By comparing internal maintenance and external service in terms of number of devices per technician (KPI 13) and time cost of the workforce (KPI 14) in CM and SM, it can be concluded that, in relation to the considered equipment, the internal technicians manage a higher number of devices than the service at the expense of more hours spent in maintenance. Despite a higher workload, the internal technicians mainly manage classes of equipment such as the operating room cabinets, telemetries and scialytic lamps. They are highly specialized in these types of equipment; hence, they are able to optimize their timing and manage a greater workload.

The combined use of the two approaches discussed thus far provides a tool for broad spectrum monitoring of the maintenance process. Indeed, the KPI values can be better investigated and understood by making use of the types of coded maintenance calls. Similarly, if an unusually high failure type is detected, the effects of this problem on the performance of the entire maintenance process may be observed. In this way, targeted corrective actions can be taken to improve maintenance service.

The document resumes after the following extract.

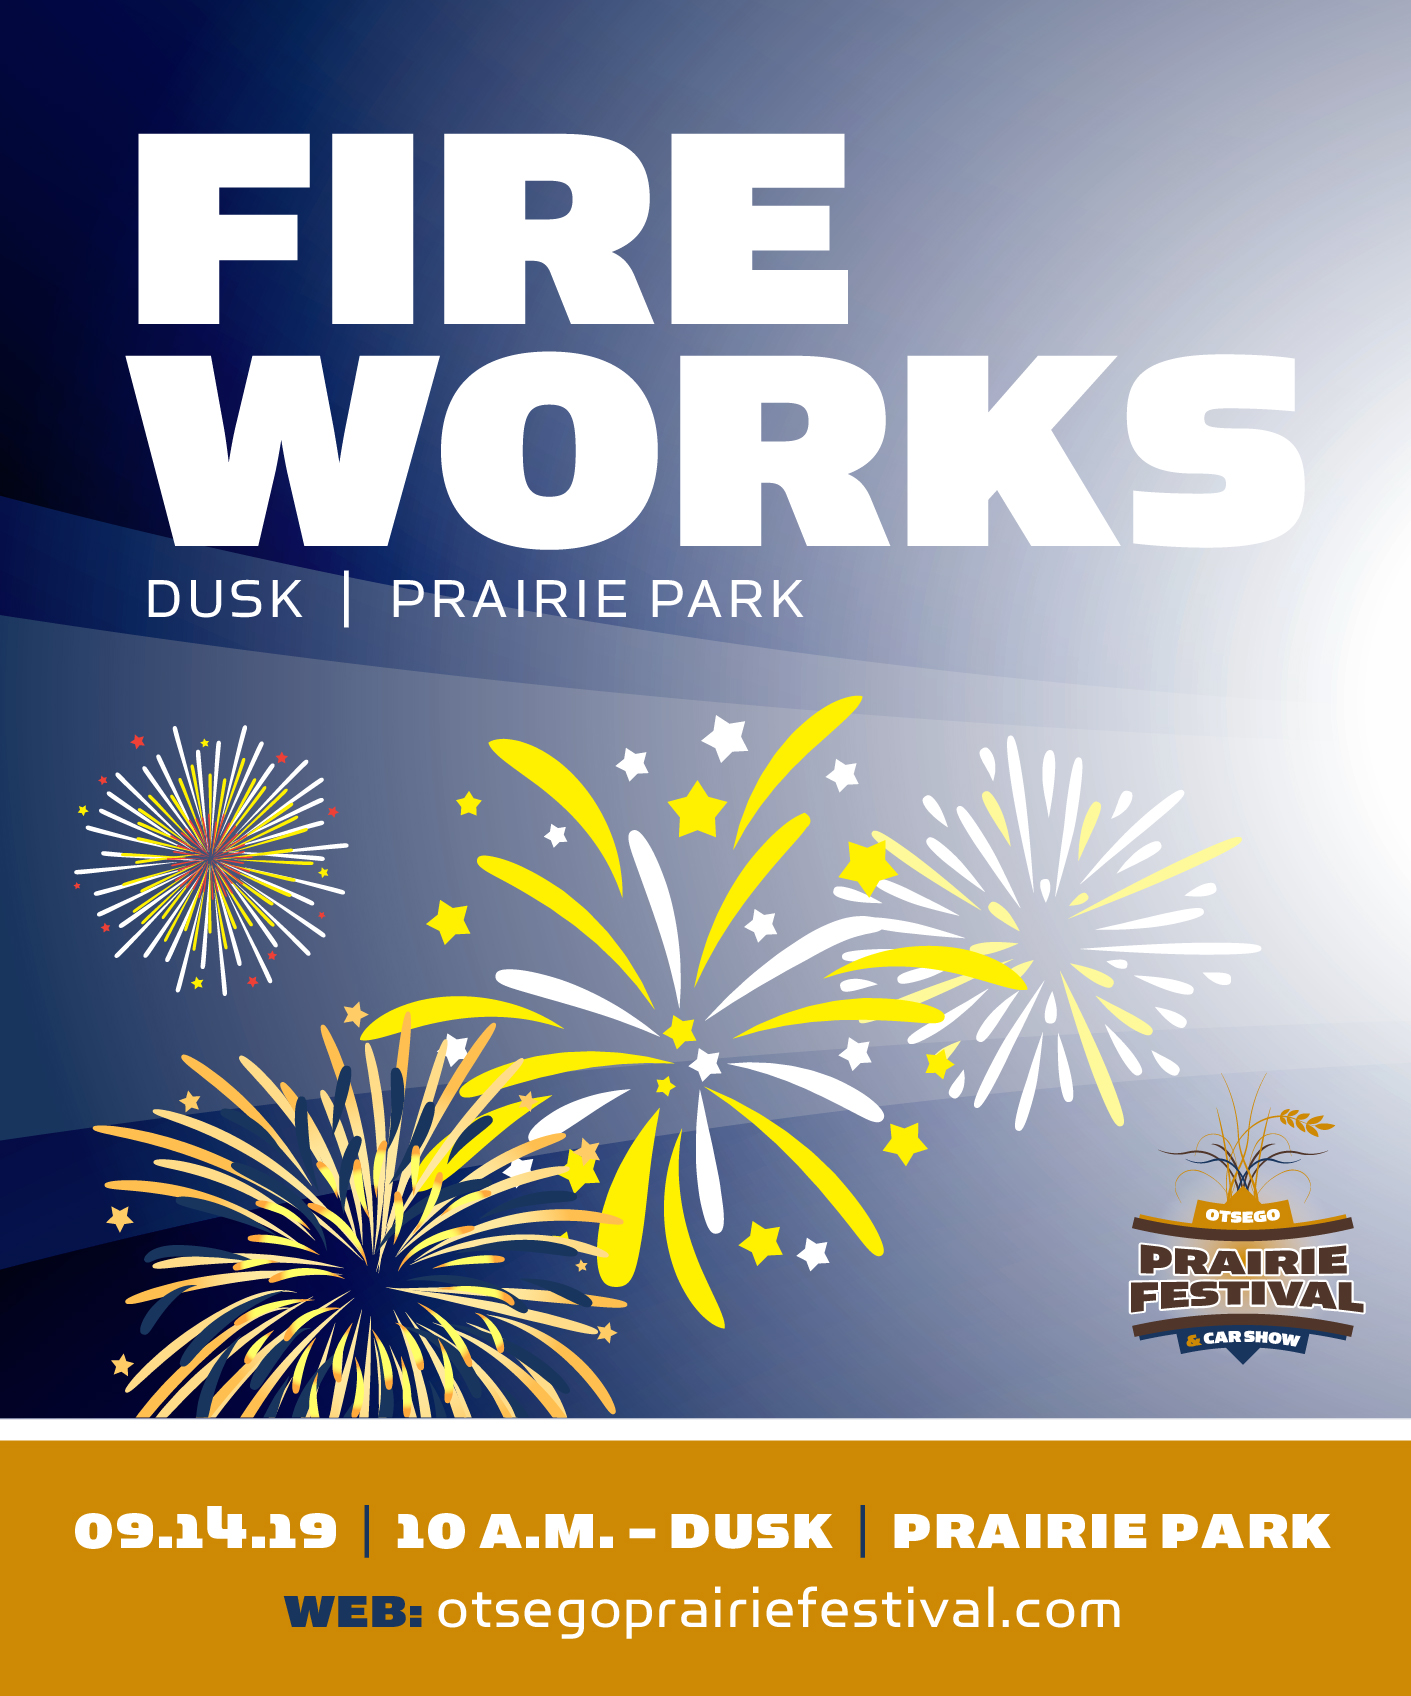 FB_Fireworks_2019

For example, if surgical tables have above-average downtime and MTTR, this can be investigated in greater depth by analysing the evidence, or rather, the types of failures. The spare parts cost indicator also shows a high impact on total maintenance costs for the surgical tables. From an analysis of the coded maintenance calls, one can find, that for this category of equipment, accessory failures have a greater incidence. The actions taken to improve the process can include monitoring the time needed for spare parts shipping and taking a survey to identify the most failure-prone accessories (models and brands) for consideration during procurement.

For example, on average, 34.39% of costs were for internal telemetry maintenance. More than half of all maintenance costs were for repairs that required sending the device back to the company for service. For this equipment class, the influence of negligent maintenance service (maintenance calls that last more than 30 days) affects not only equipment availability, which is a prolonged period out of service, but also maintenance costs, which represent the greater part of the cost items.

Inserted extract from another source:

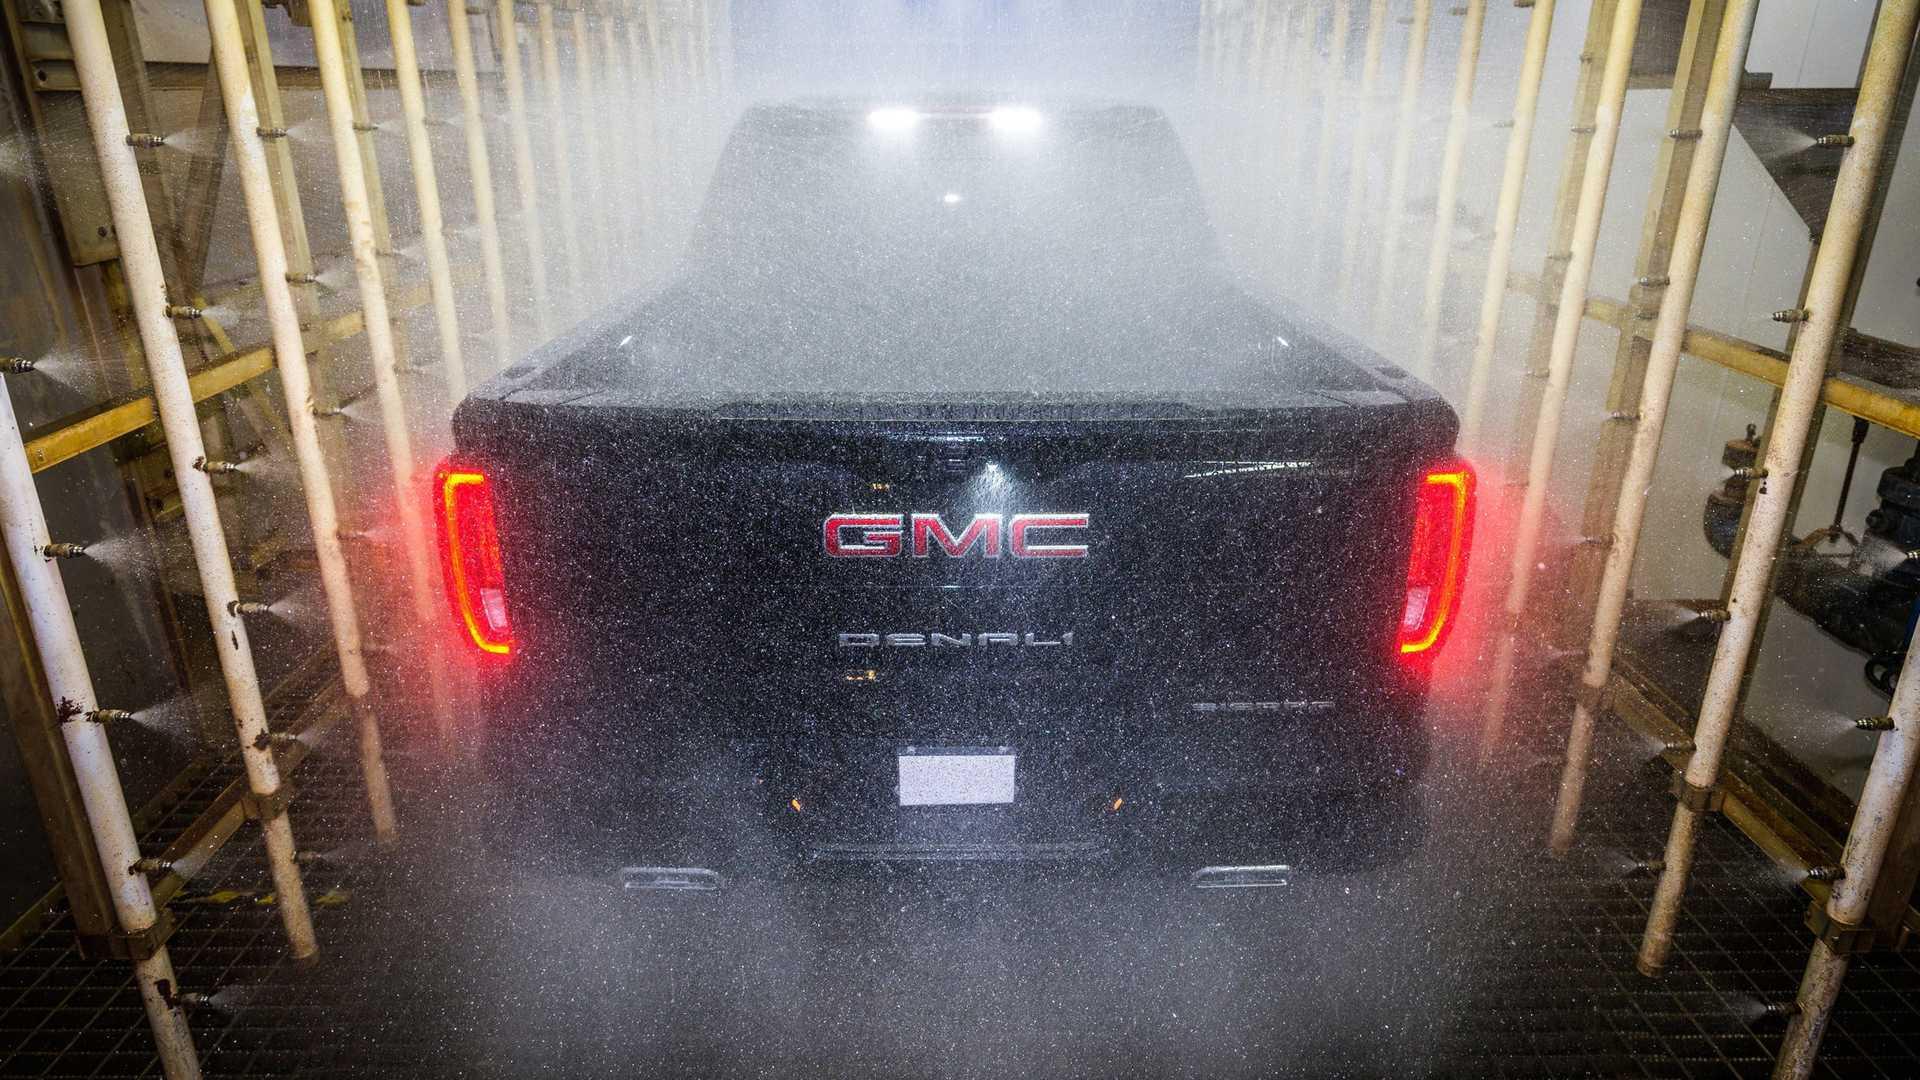 GMC 炭纤维皮卡公布价格,超7万美元,国内土豪有多少愿意买?

Another analysis procedure could be performed beginning with the classified service calls. Through a review of the categories with unusually high failure, the reasons for this singular behaviour may be investigated in more detail using KPIs. For example, electro-surgery units showed a peak of component failures in 2016. An analysis of the coverage rate indicator for scheduled maintenance calls showed that, in 2015 and 2016, SM coverage was not optimal. In addition, the analysis of the coded corrective maintenance calls in 2016 showed that 100% of the calls were classified as NPF. This seems to suggest that specific checks on the components that tend to fail most during scheduled maintenance calls should be included.

Another example concerns the defibrillators, where an analysis of the fault types revealed a prevalence of battery failures (BATT). An analysis of the scheduled maintenance indicator showed poor coverage for defibrillators, which improved in 2016, the year the equipment was transferred to a global service policy.

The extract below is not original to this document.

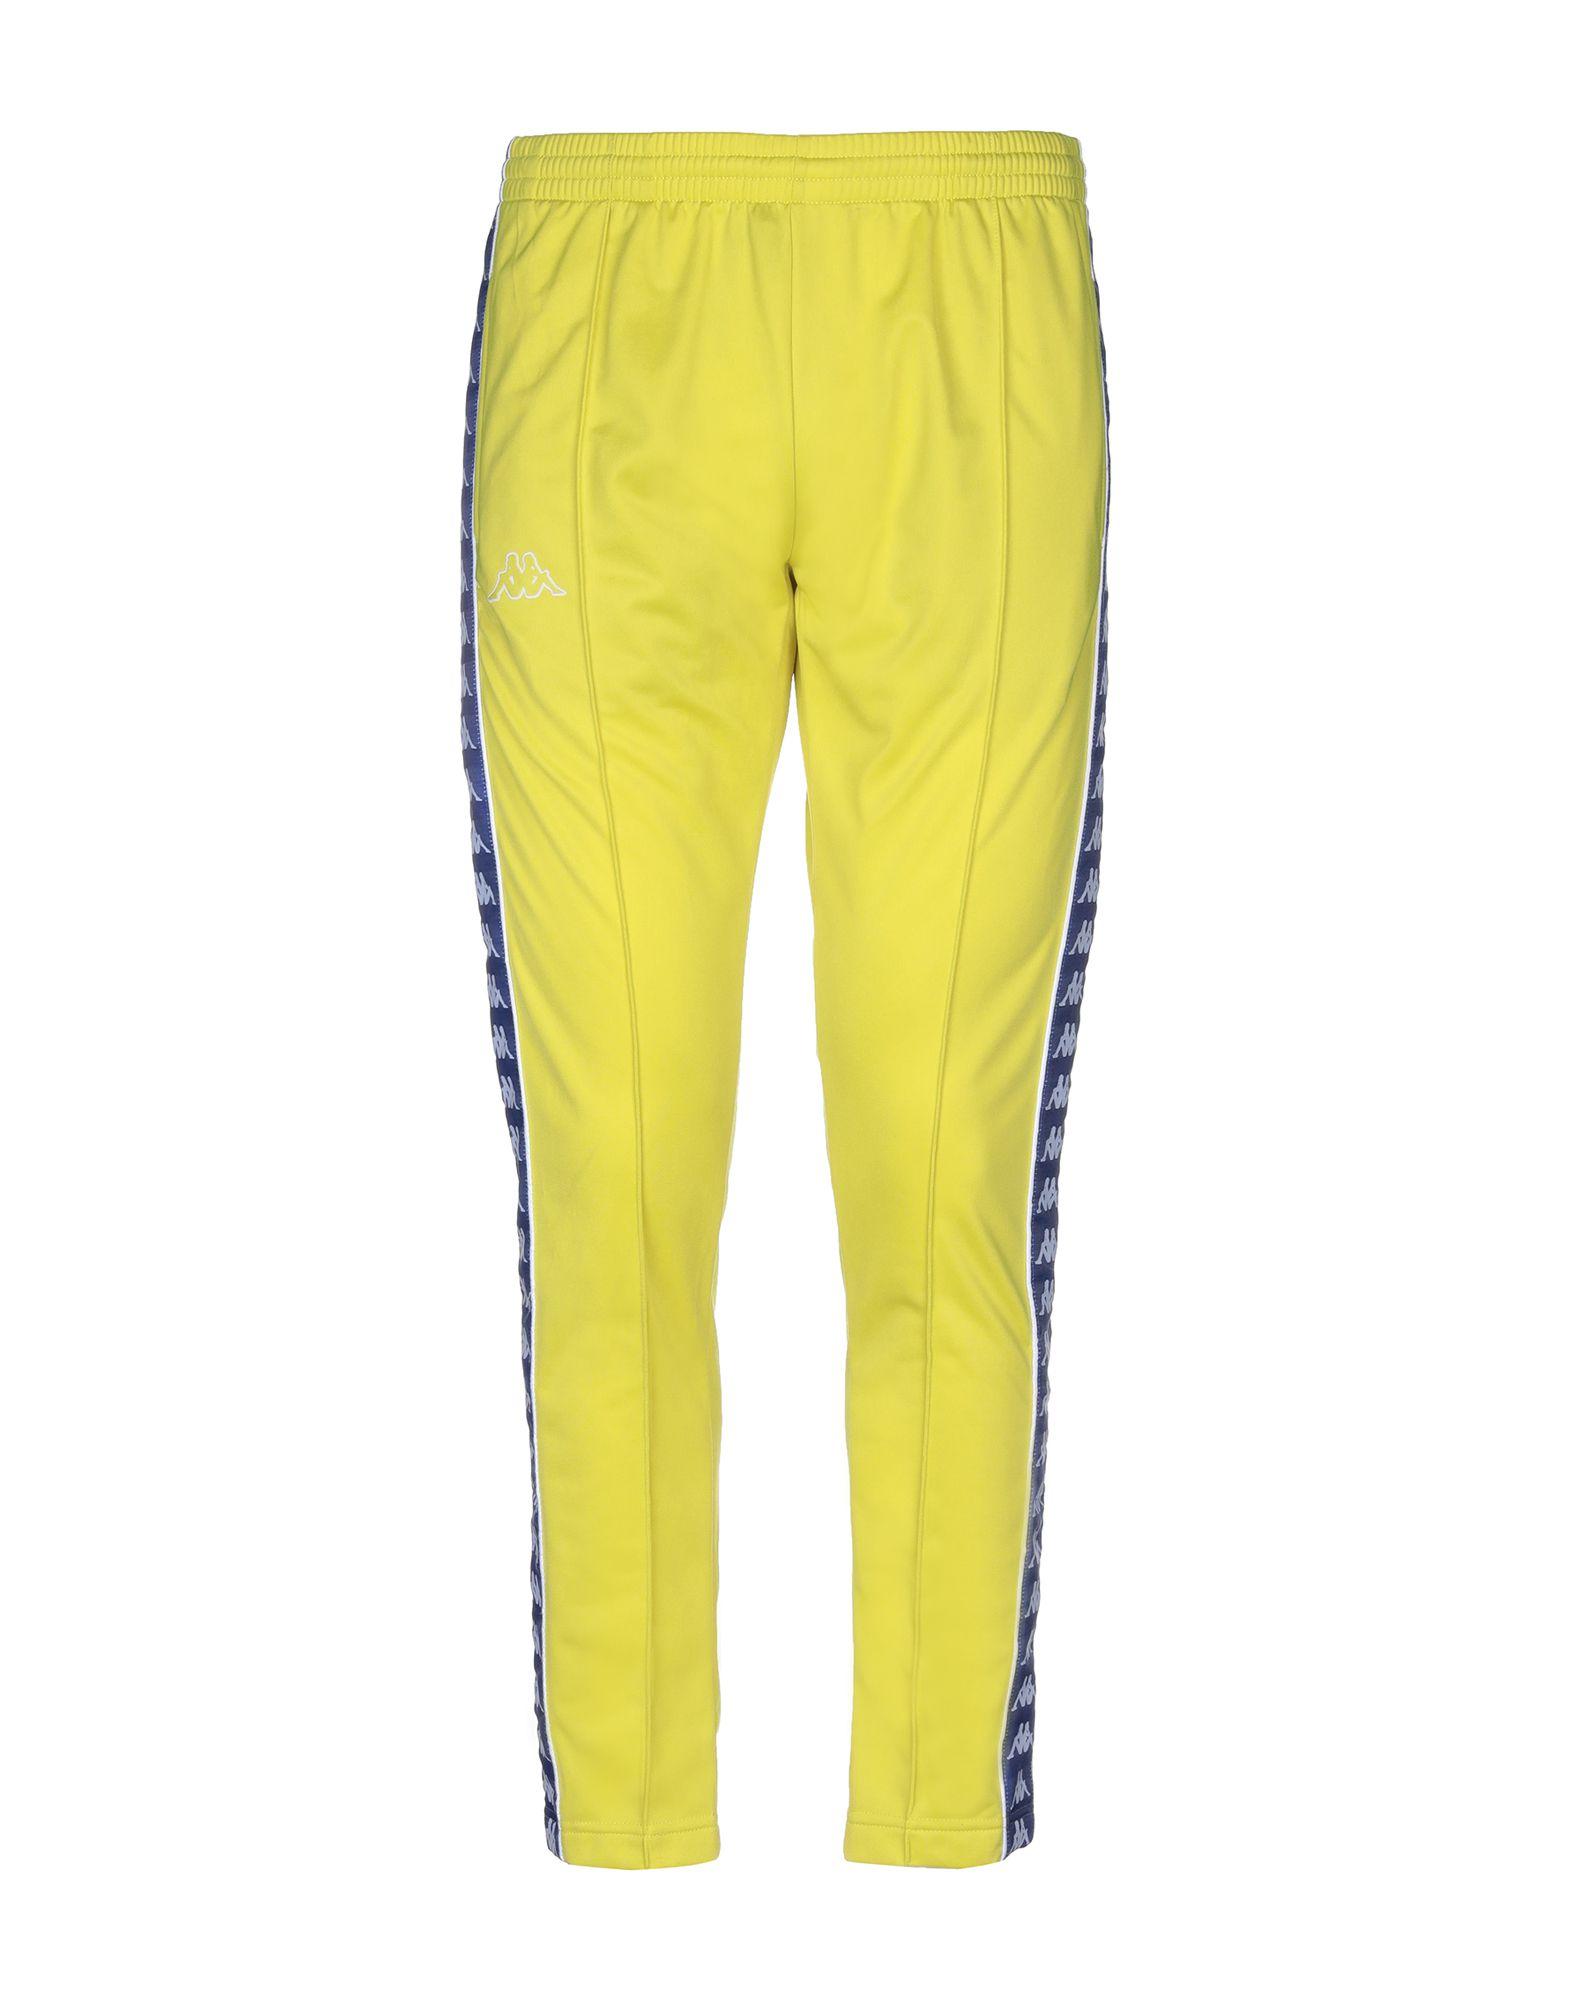 KAPPA Повседневные брюки спортивная ветровка kappa 15 k0512fj06

However, in 2016, the global failure rate for the defibrillator class was the highest of the 5 years analysed. This suggested that, despite adequate scheduled maintenance coverage, it might be useful to include specific battery status checks during the scheduled inspections. Given that 67% of the total maintenance costs for this class of equipment were represented by battery costs, appropriate battery management could also reduce maintenance costs.